Ajena a lo desconocido. Siempre asustada. Muerta de miedo por el mundo que me rodea. Mientras todo el mundo corre, yo voy pasito a pasito... como una tortuga. Que al final es más rápida que la liebre que quiere ir a toda velocidad, y que se cansa cuando tiene la meta en frente de sus narices. Domingo, y para ser exactos, de buena mañana. Comienzo de una aventura que solo Dios sabía como acabaría. Una aventura que traería consigo experiencias buenas y también malas. Es decir, el bien y el mal haciendo su agosto en el mes de julio. Contradictorio, ¿no? El bien será siempre clave para disfrutar de momentos positivos y placenteros. El mal provocará fuertes tormentas, te hundirá en las profundidades del inmenso océano y al final... Después de todos los bucles que se forman en tu mente y que no te han dejado respirar, te habrá hecho más fuerte. Es como si de alguna manera la tormenta te hubiese electrocutado, te hubiese dejado cao y sin comerlo ni beberlo, te has despertado en una playa con unas ganas intensas de vivir. Pero claro, ahí no acaba la aventura. A veces es necesario darse un batacazo de los gordos. Entonces tu sub-consciente empieza a hablarte de forma que te das cuenta de la mentira en la que has vivido durante pocos días. Y ¡Pam! Hostia contra la pared. Como si estuvieses corriendo a la velocidad de un corredor profesional... sin parar. Todo sucede muy rápido. Demasiadas coincidencias, y celos que se acumulan como mariposas en el estómago. Con la diferencia de que los celos, son murciélagos que no paran de reconcomerte el estómago. Lo ves a distancia e intentas hacer como que no ocurre nada. Porque en realidad está todo en tu cabeza. (Sí, así me sentiré mejor) Es el típico pensamiento que utilizas para calmarte, pero que realmente no te calma. Ya que si miras en la dirección equivocada, te darás cuenta de que el mal está haciendo su agosto en el mes de julio. Es inevitable no sufrir. A lo mejor en eso consiste la vida... En sufrir, en darse batacazos, en llegar a la conclusión de que nada es lo que parece. Que muchas veces la Luna no busca al Sol, y el Sol no busca a la Luna. ¿Por qué? Mil motivos desconocidos que es preferible no conocer. Y lo peor de todo es que el mal no te deja quitarte la máscara y darte cuenta de que existen otras personas, que aunque de buenas a primeras pasen desapercibidas, tienen algo que en algún momento va a darle un giro de 90 grados a la historia. Que van a calar hondo y eso no lo vas a olvidar nunca:
Una noche en mitad de la aventura. Dos personas.
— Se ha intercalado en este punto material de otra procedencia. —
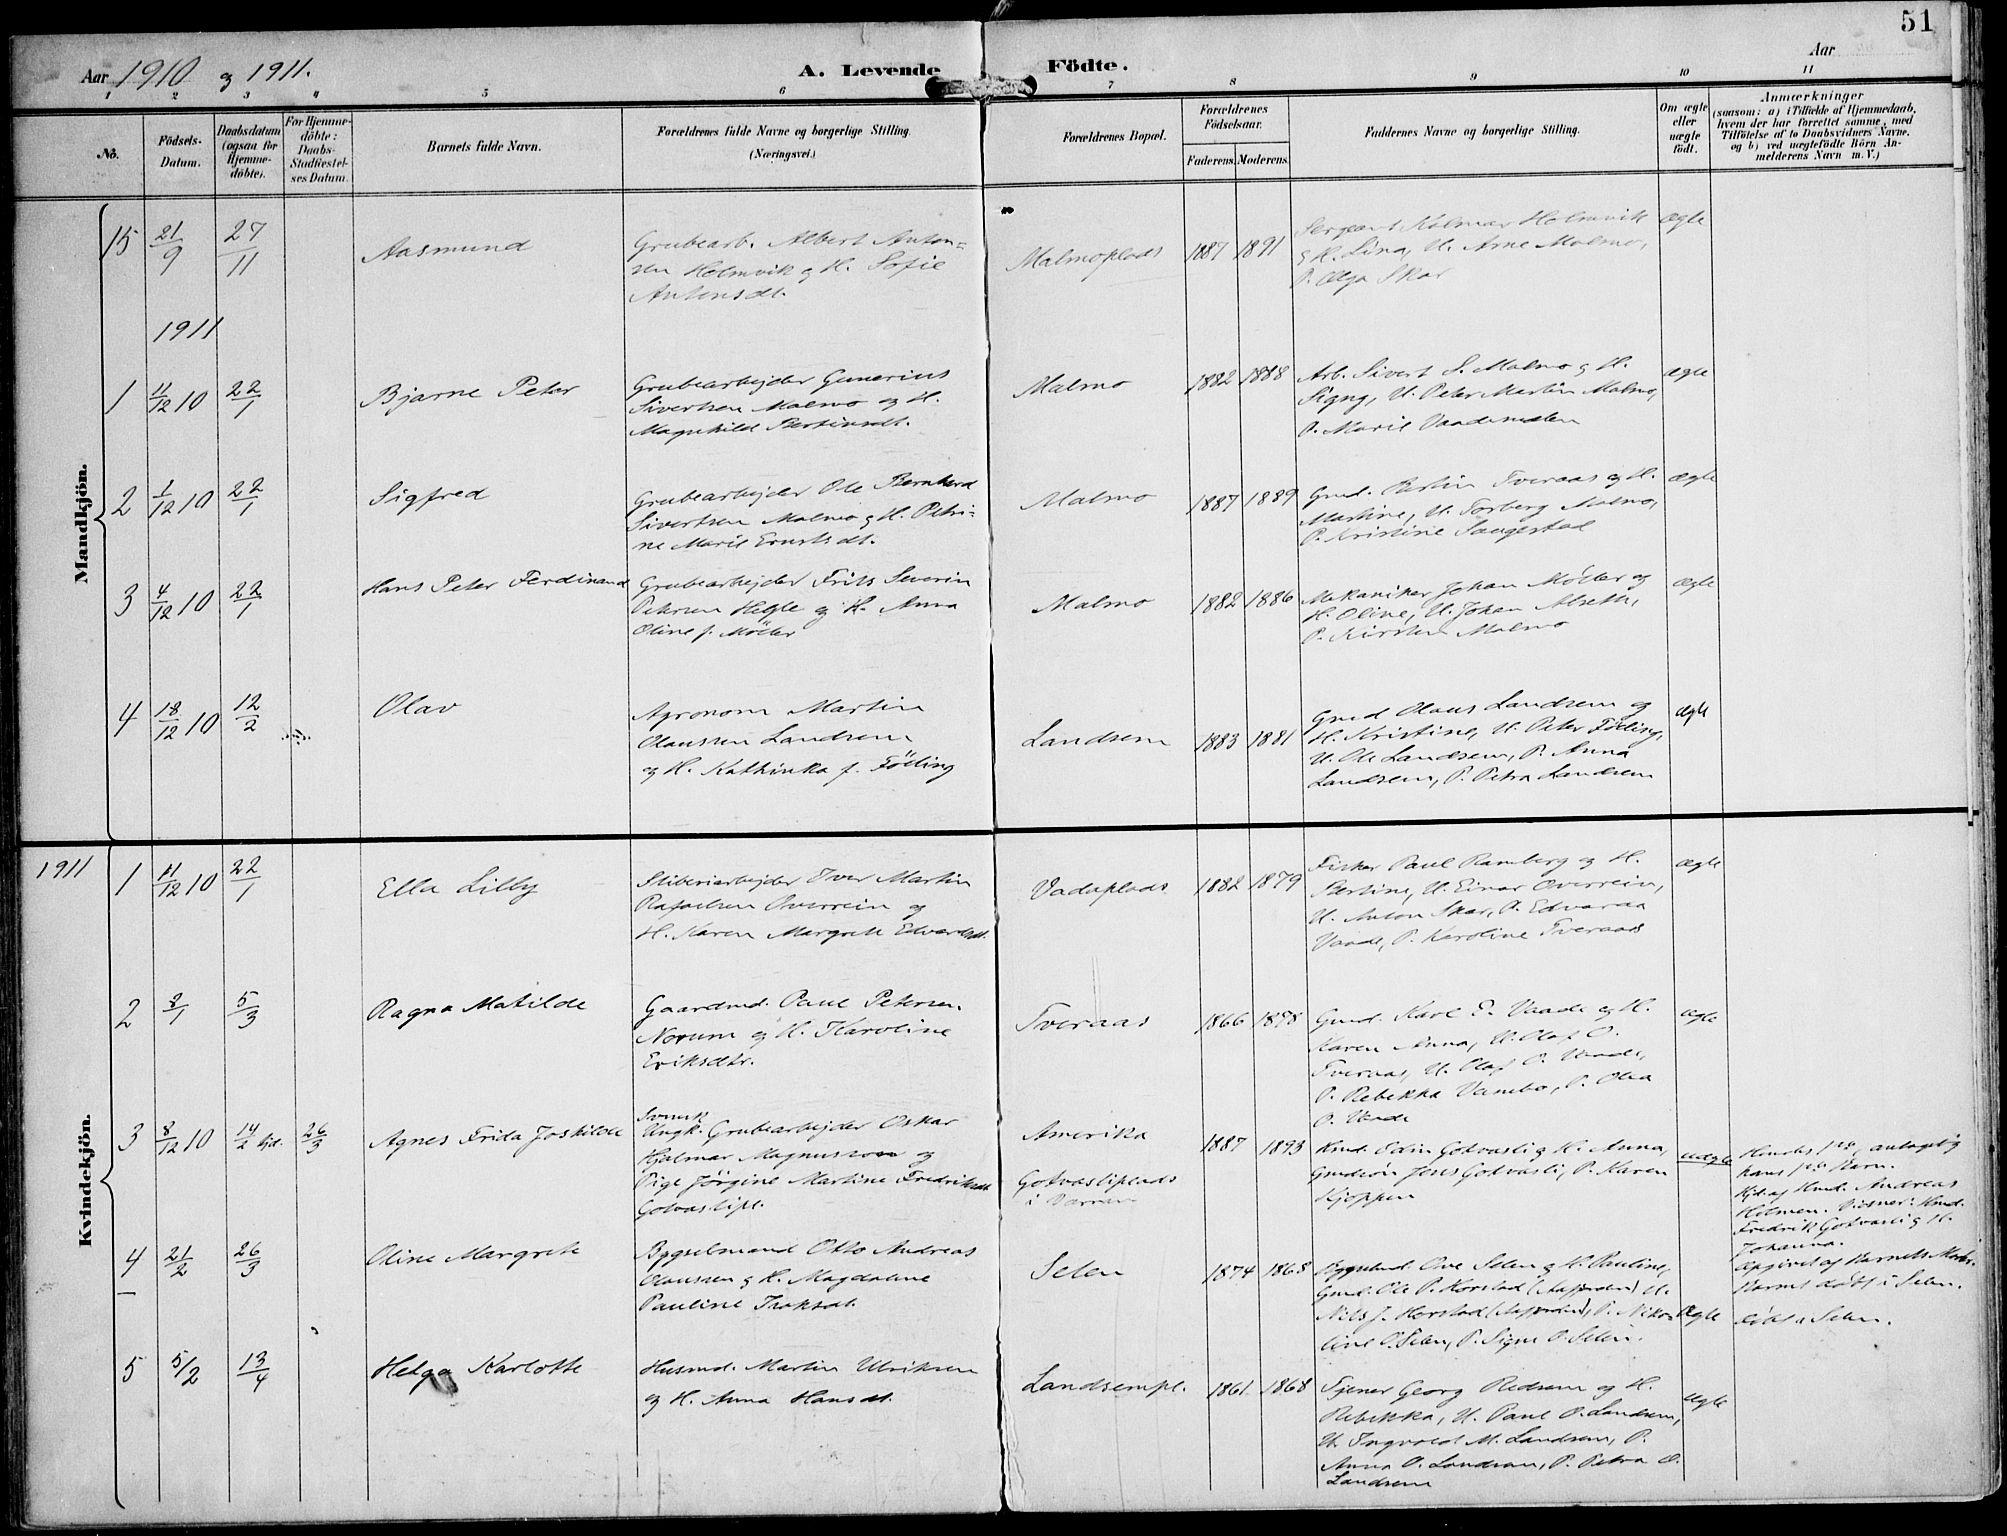 SAT, Ministerialprotokoller, klokkerbøker og fødselsregistre - Nord-Trøndelag, 745/L0430: Ministerialbok nr. 745A02, 1895-1913, s. 51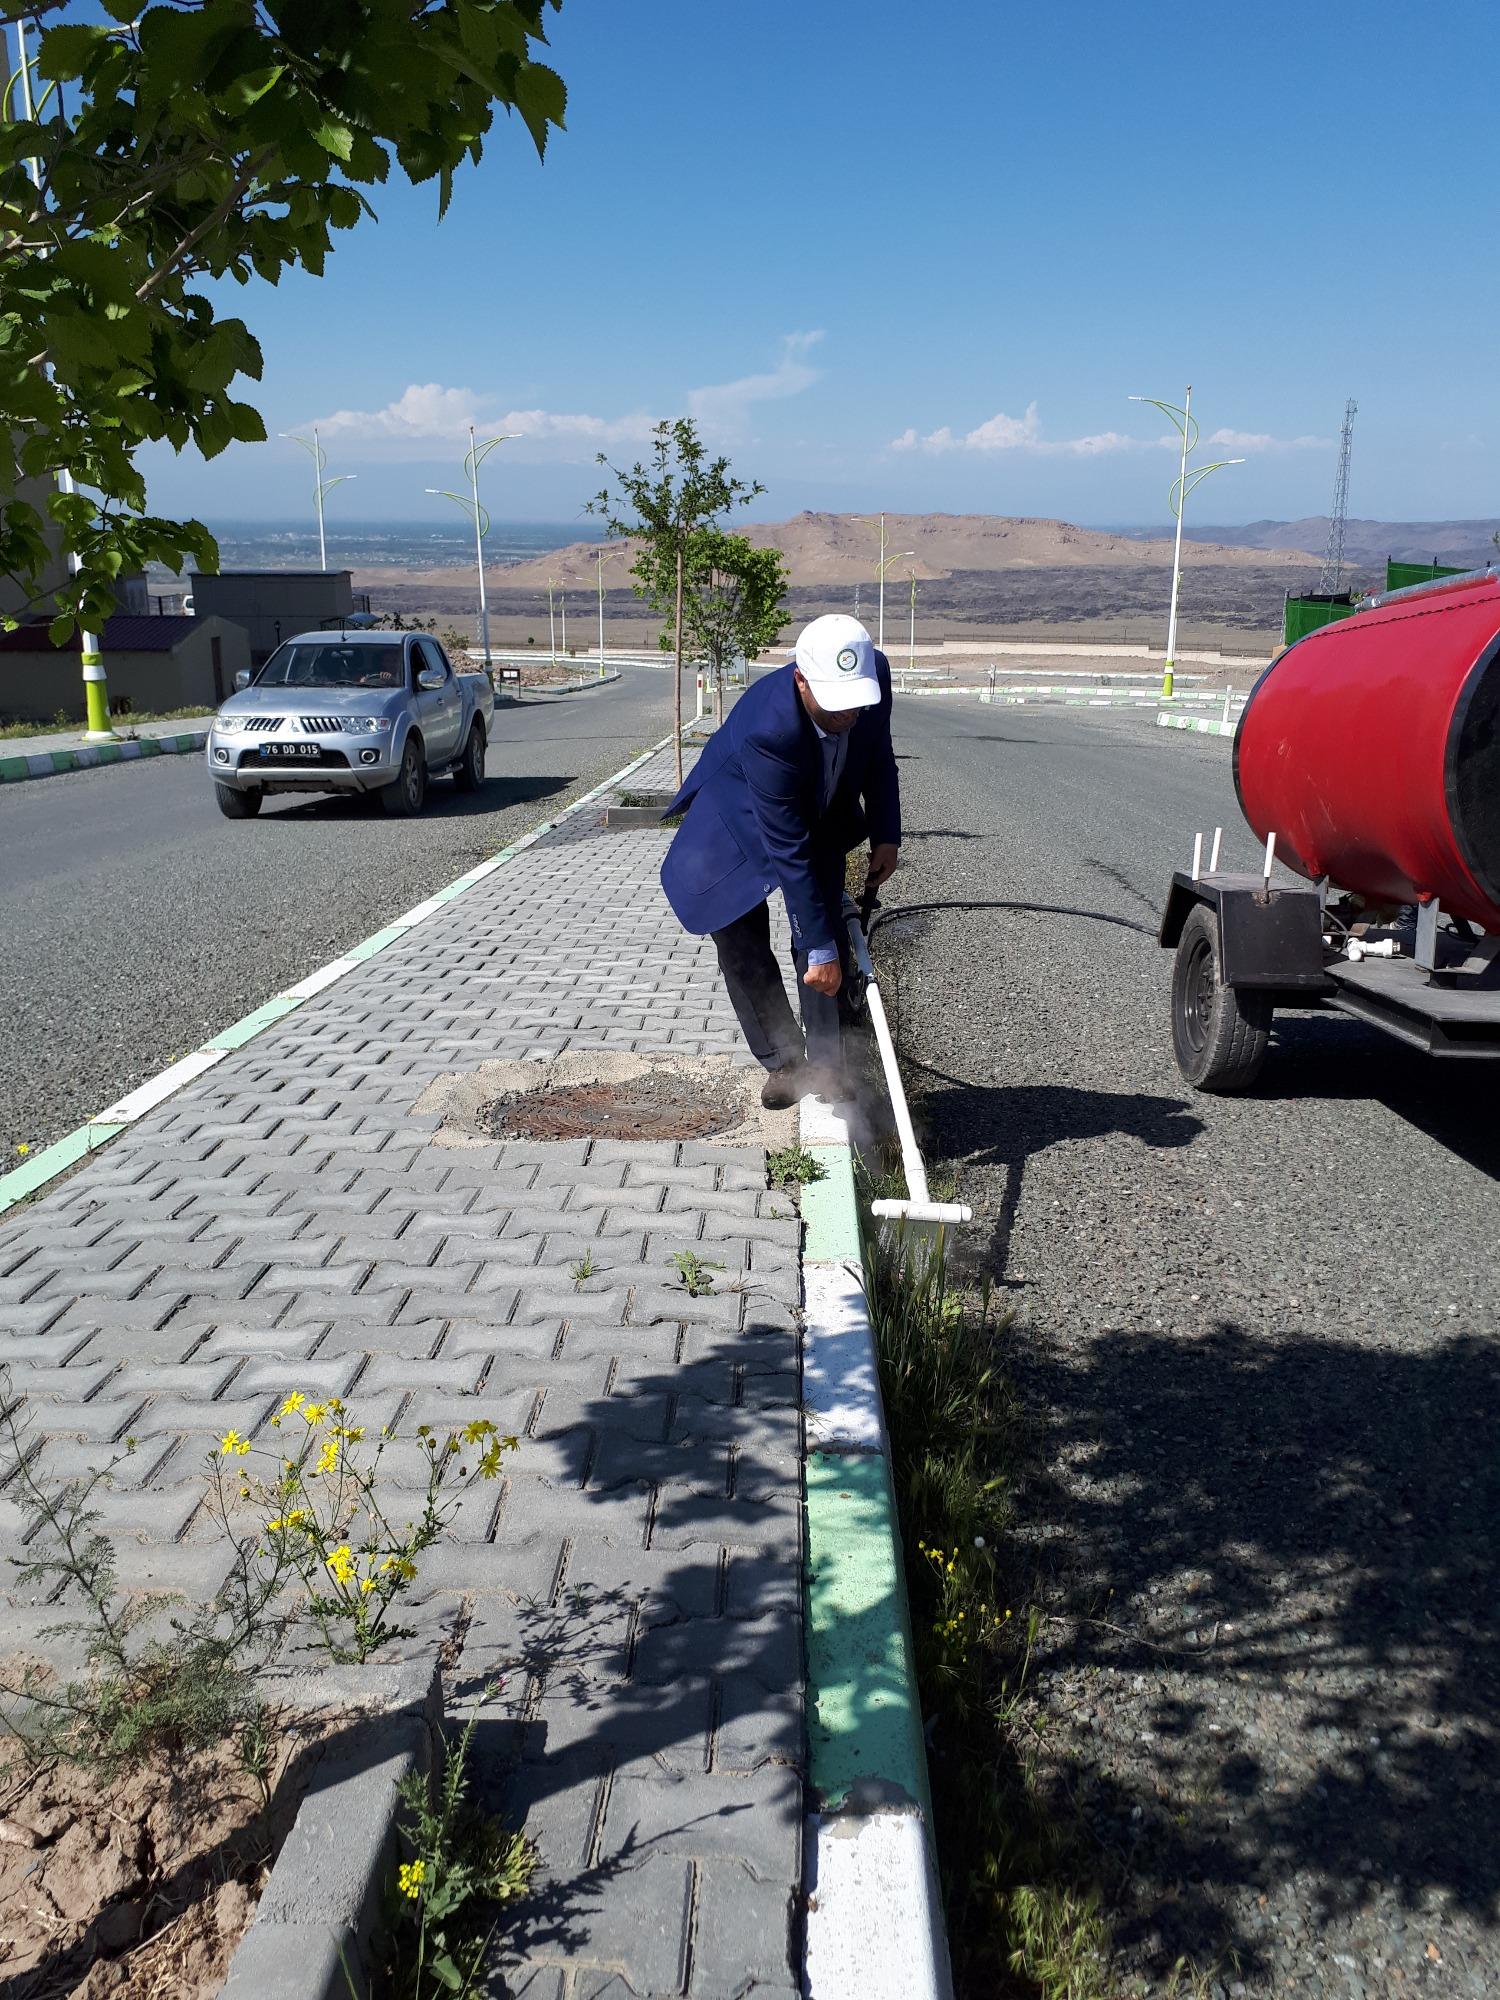 Üniversitemiz Şehit Bülent Yurtseven Kampüs Alanında Bulunan Yabancı Otlar Termal Yöntemlerle Kontrol Ediliyor

Una de ellas calla porque siente que se le han acabado las palabras... ya lo ha soltado todo. El mundo ya se le ha venido encima. Por lo tanto, no hay nada más que decir. Se ha quedado sin pelos sobre la lengua.
La otra persona, el sujeto que daría un giro de 90 grados a esa historia, caminaba por allí. Nunca había sido el centro de atención para ella. Pero esa noche, todo cambiaría.
Ella se lo contó. Le explicó toda la movida, que se había quedado sin cena y demás rollos.
Él lo sintió en el alma. Le dijo que si podía esperar al desayuno.
Ella no tenía ni idea de lo que estaba a punto de ocurrir... en cero coma.
Entonces él le abrió sus brazos de par en par. ¿Qué coño? Se pegó a él como un chicle en el pelo de un niño de seis años. El mal se había desvanecido... por completo. En su cuerpo ya no cabía la sensación de angustia permanente durante la cena. ¡A la mierda todo! pensó. ¡Que se pare el mundo! En cuestión de segundos sucedió. Ese momento en el que hubiera deseado quedarse ahí durante varias horas. Porque sencillamente y aunque ella nunca quiso verlo.
Él siempre estuvo ahí.
(como una caja de sorpresas a punto de abrirse en cualquier momento.)